The Food and Drug Administration (FDA) said Pfizer's anti-smoking drug called Chantix needs to change its labeling in order to warn patients that using the medicine can slightly increase the risk of heart problems for those who already suffer from cardiovascular disease.

The study looked into 700 smokers with heart related diseases who were being treated with Chantix. The study has discovered the drug, also called varenicline, was linked to higher risk of heart attack, clogged arteries and angina in number of patients compared to patients who took a placebo. Placebo is a substance that has no therapeutic effect, used as a control in testing new drugs.
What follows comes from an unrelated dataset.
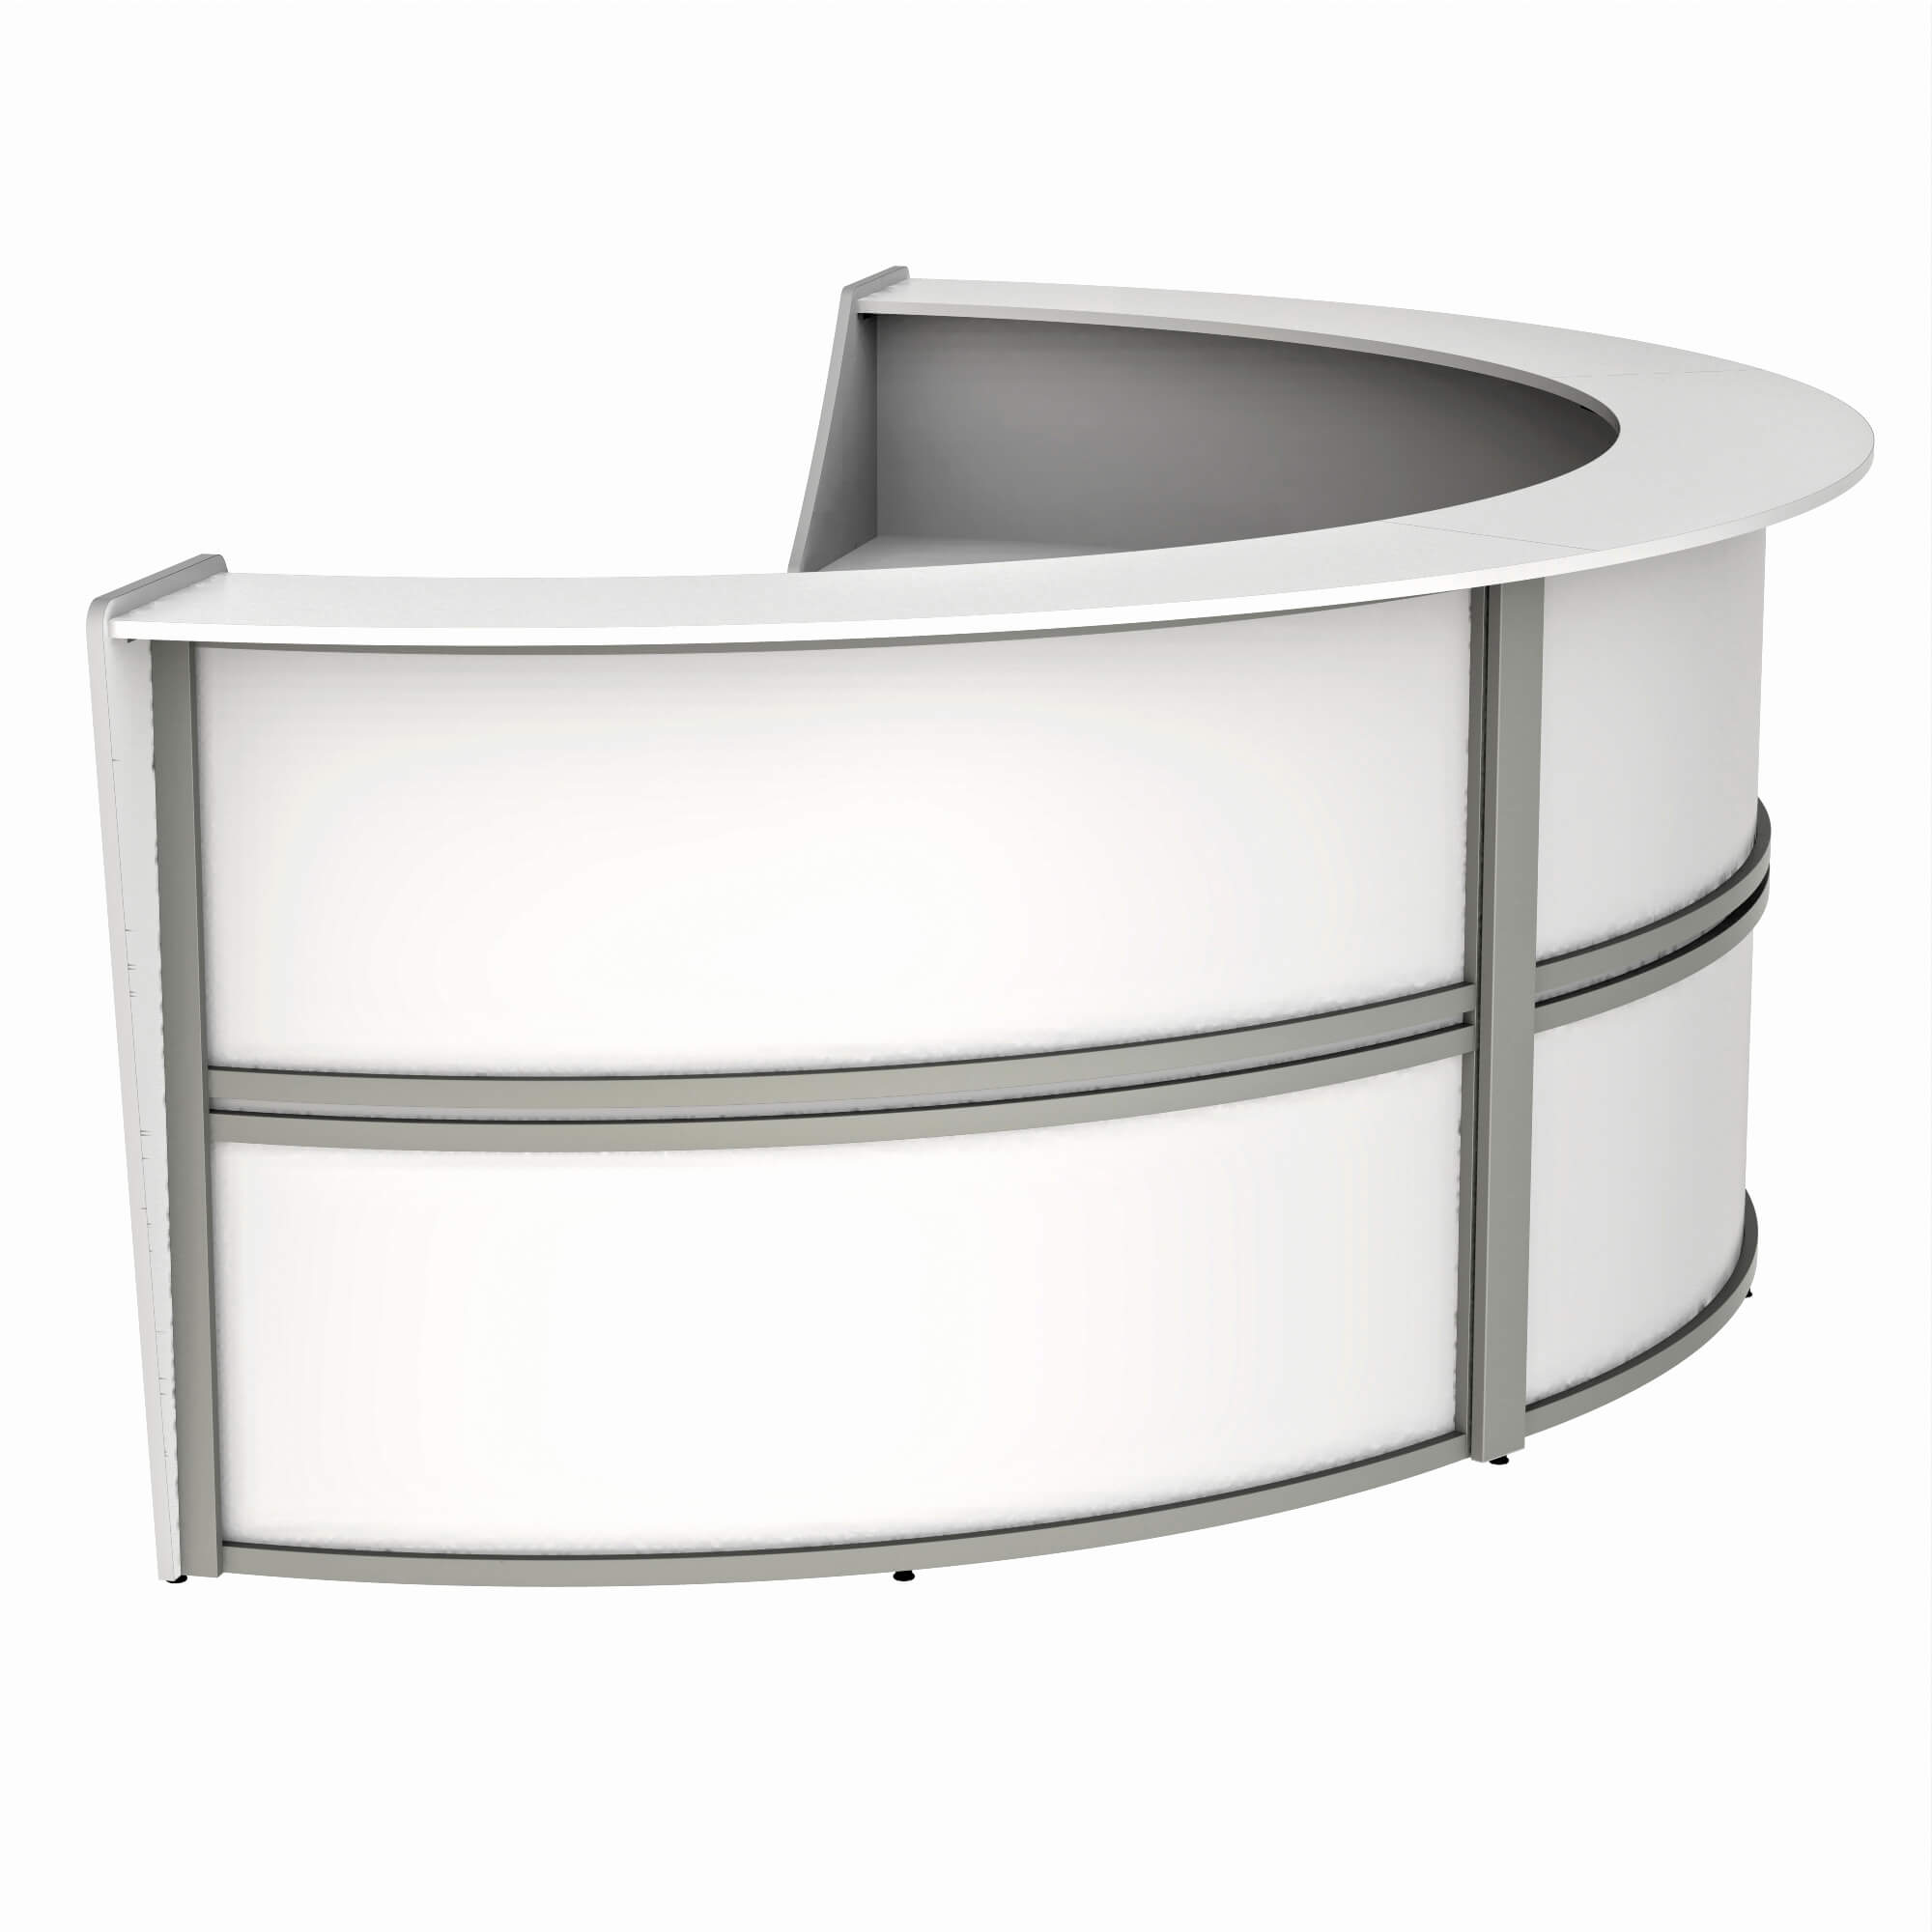 Li1 elegant semi circular reception desk lateral

However, the agency said that the drug did help patients quit smoking and that this benefit should be weighed against its potential risks when deciding to use the drug in smokers with cardiovascular disease.

Further details of the new results will be shared with doctors and will be shown in the drug's medication guide to patients, the agency said. FDA also said they will continue to evaluate the pros and cons of using the medicine.

Pfizer mentioned that patients should consult with their doctors to decide what medications are right for them.

The drug was first approved in May 2006 and it has been used by millions of smokers in the U.S. However the sales have decreased since 2008 when the drug was first associated to psychological side effects such as depression and suicidal thinking.

Pfizer Inc. reported sales of $755 million for Chantix in 2010.